**SUPPLIED MATERIAL:**
════
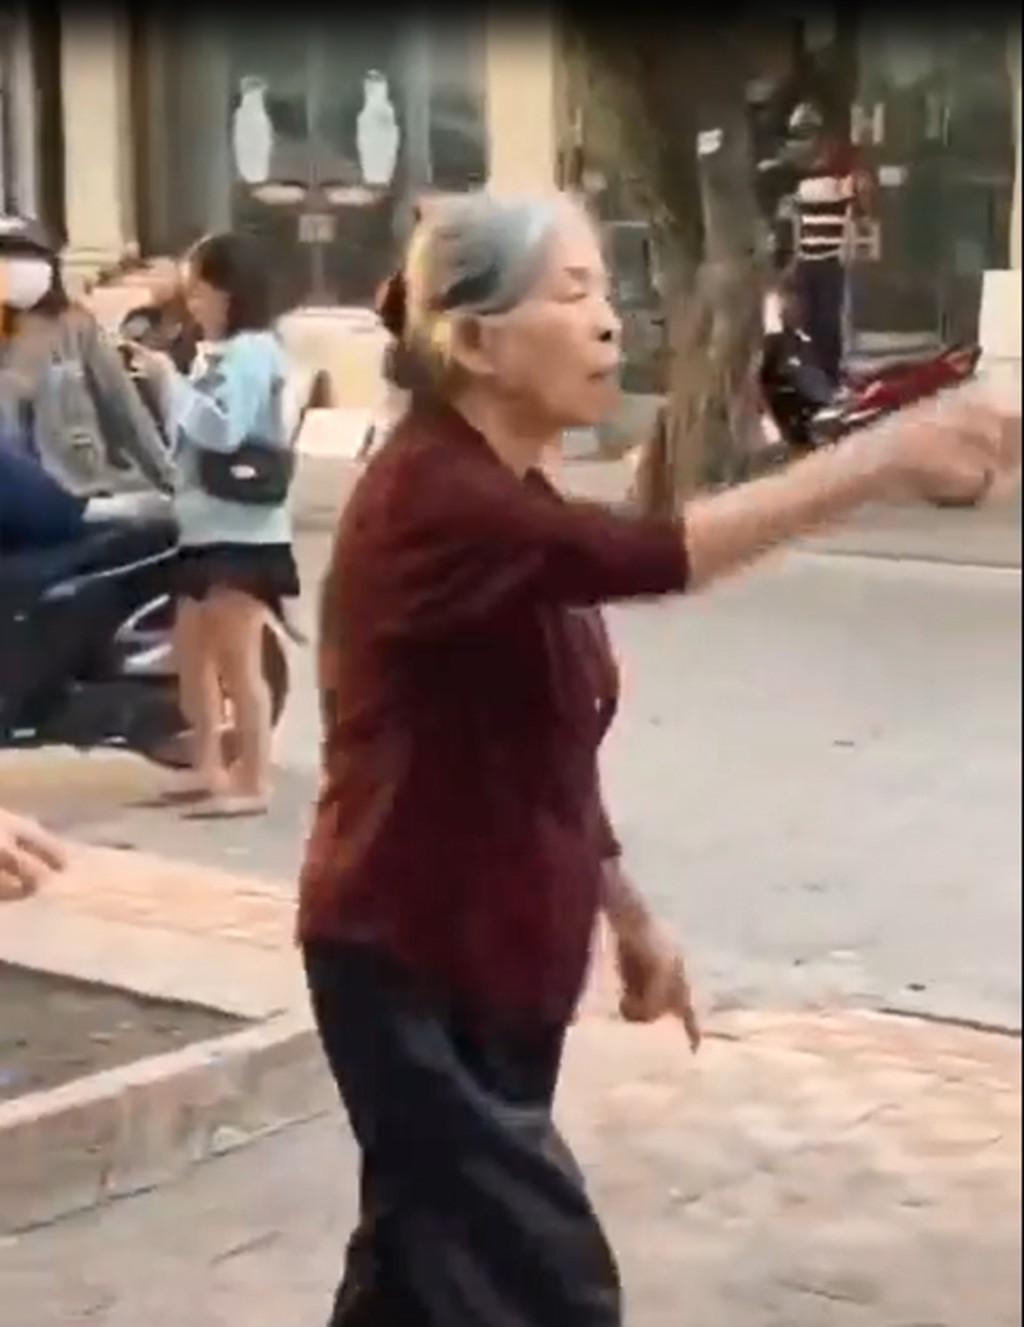 90歲老公密會60歲小三 阿嬤組200歲up姐妹團活逮:吃壯雞劑是怎樣?
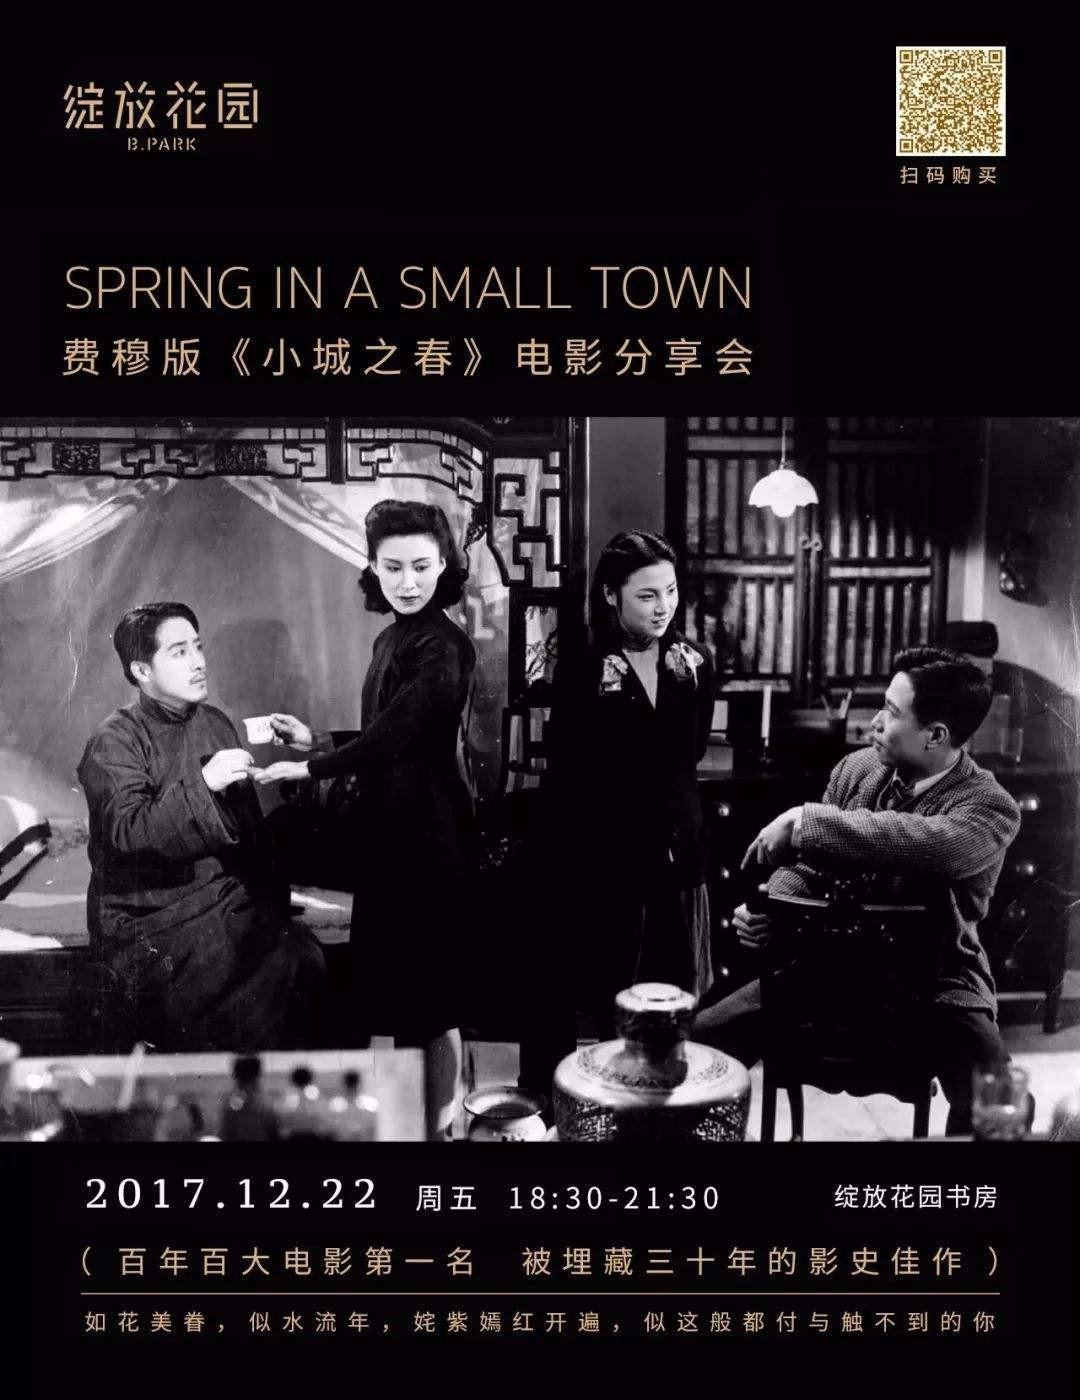 小城之春影评 小城之春有何不足
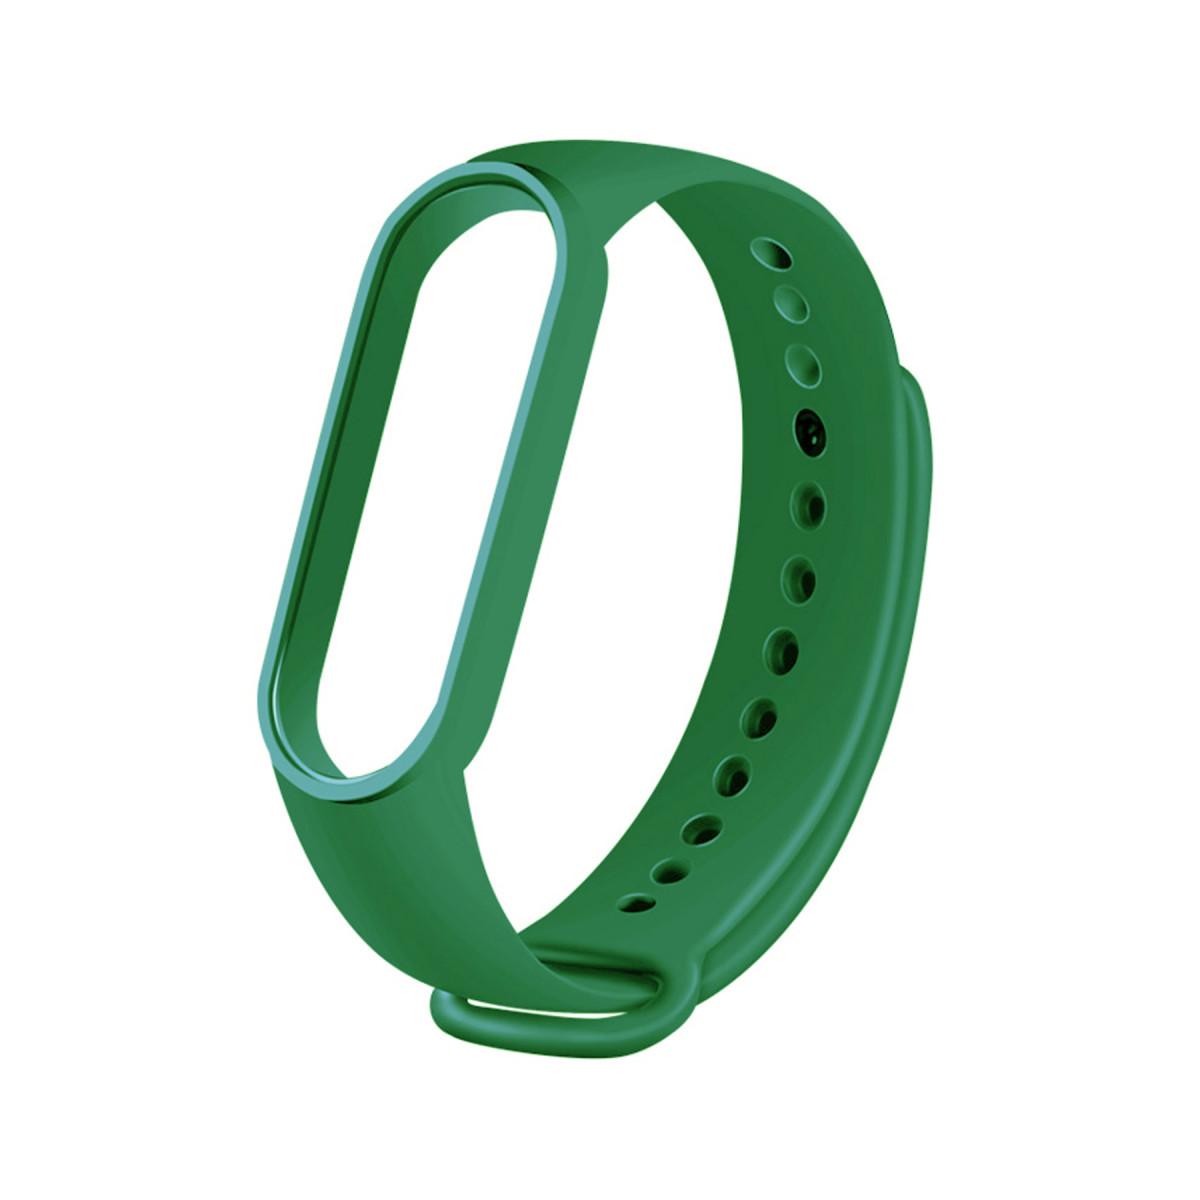 Сменный ремешок на фитнес браслет Xiaomi Mi Smart Band 5 Цвет - Светло-Зеленый (Оливковый)
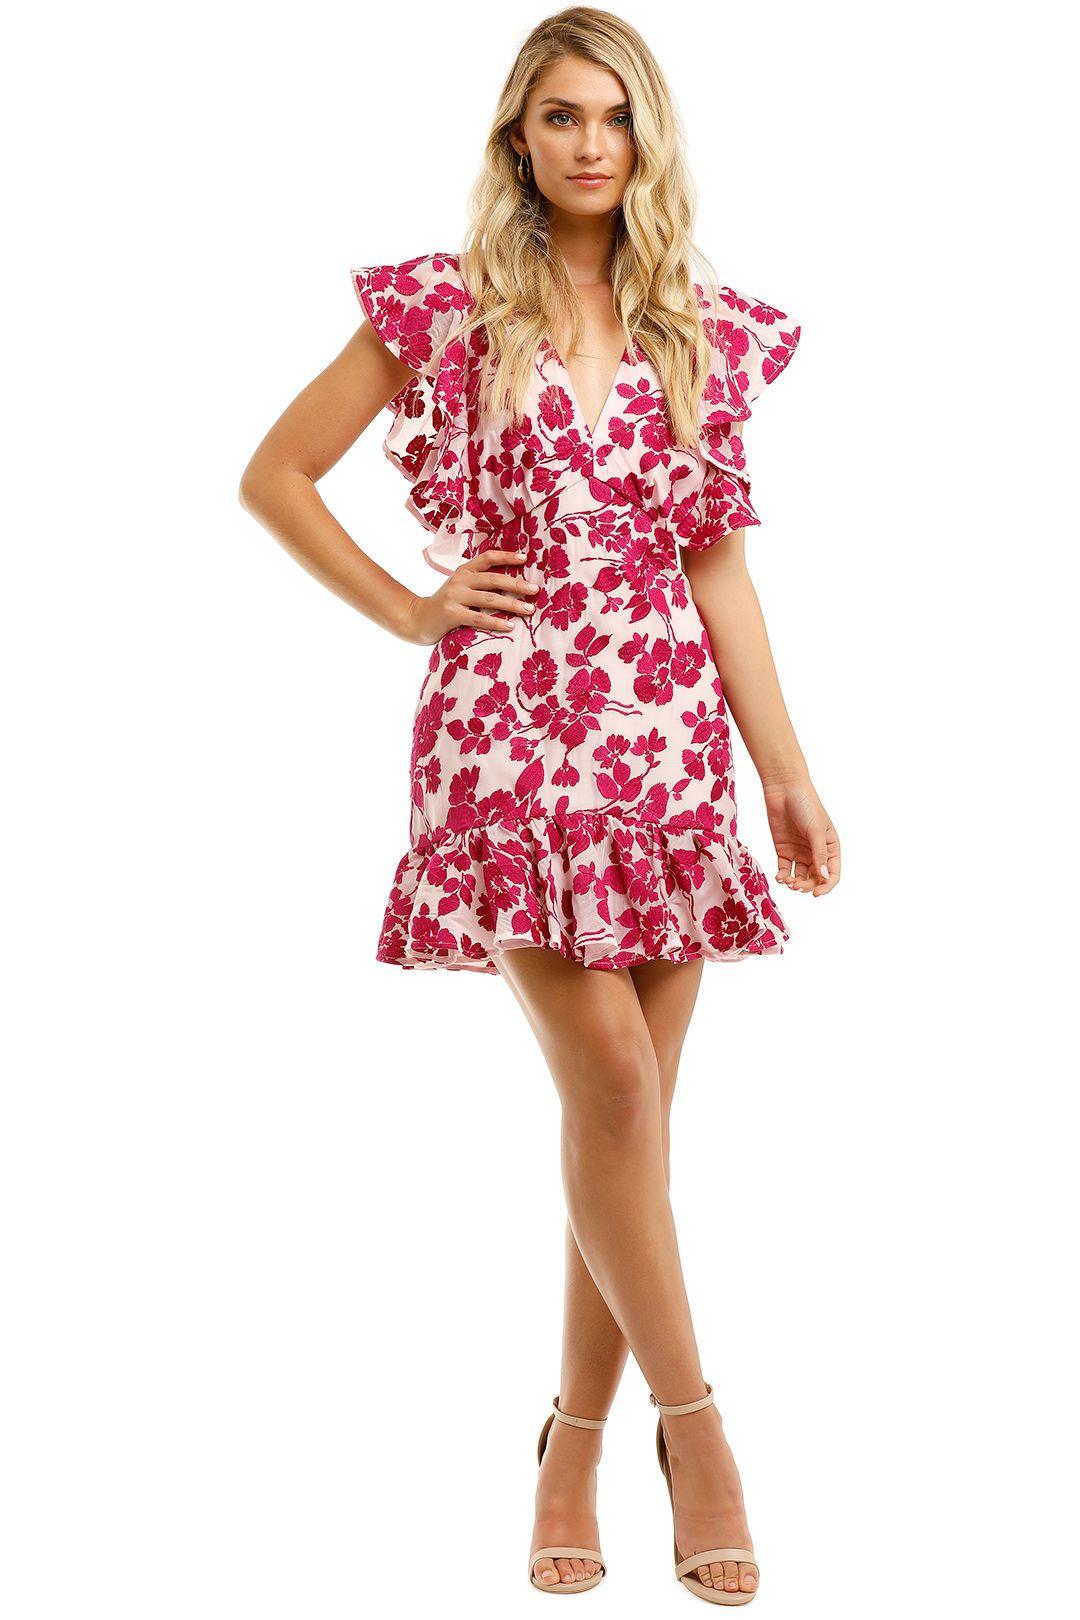 Talulah-Les-Saison-Mini-Dress-Front
════
**WHAT YOU WILL DO:** Only exact copies are wanted here. Write out the lines from the one containing "小城之春影评 小城之春有何不足" through the end of the material and no others, omitting all pictures.

**RESULT:**
 小城之春影评 小城之春有何不足
 Сменный ремешок на фитнес браслет Xiaomi Mi Smart Band 5 Цвет - Светло-Зеленый (Оливковый)
 Talulah-Les-Saison-Mini-Dress-Front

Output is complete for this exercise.